Tuesday, April 15, 2008

Parental Behaviour Affects Quality of Child's Sleep

A new study done at Montreal's Sacre Coeur Hospital and set to be published in Archives of Pediatrics & Adolescent Medicine shows that parental behaviour can dramatically affect the way kids sleep.

Parents also reported their behavior at children’s bedtime (including whether they lulled children to sleep, laid them down awake or stayed with them until they fell asleep) and during nighttime awakenings (including comforting children in bed, taking them out of bed, giving them food or bringing them to the parental bed for cosleeping).
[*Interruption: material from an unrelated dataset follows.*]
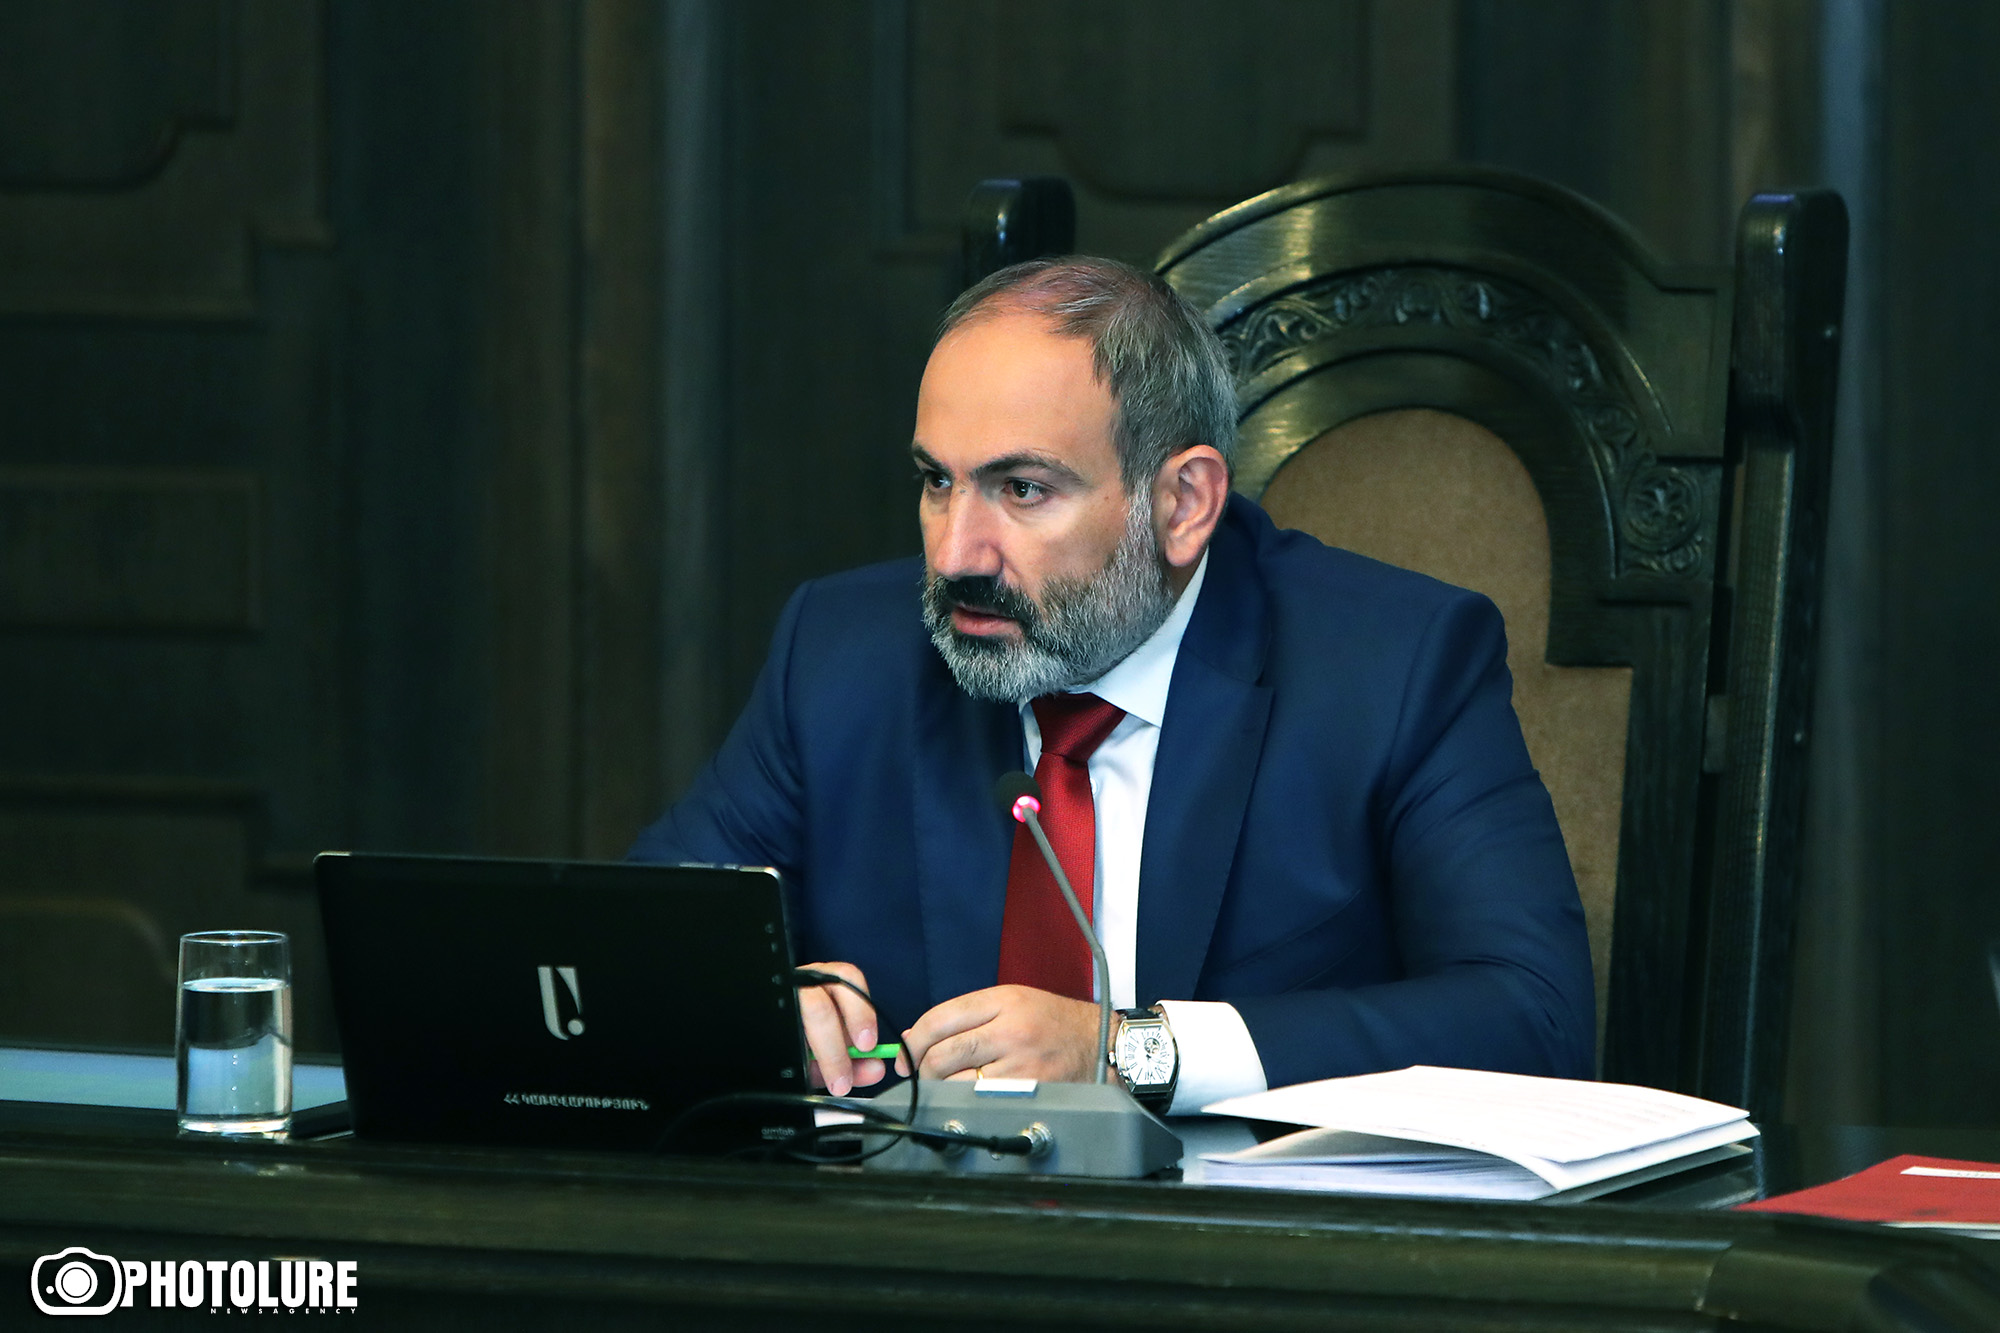 С 1 января 2020 года в Армении пенсии будут повышены на 10% - Пашинян

“Early (age 5 to 17 months) sleep disturbances predicted maladaptive parenting behaviors (e.g., mother present at sleep onset, giving food/drink after child awakens) at ages 29 and 41 months,” the authors write. “Some parental behaviors in turn predicted future bad dreams, total sleep time of less than 10 hours per night and sleep-onset latency [delays in falling asleep] of 15 minutes or more. However, most relationships did not remain significant in adjusted models that controlled for early sleep problems.” Cosleeping after nighttime awakening remained associated with more than 15-minute delays in returning to sleep, while the mother’s presence at the beginning of sleep appeared protective against such delays.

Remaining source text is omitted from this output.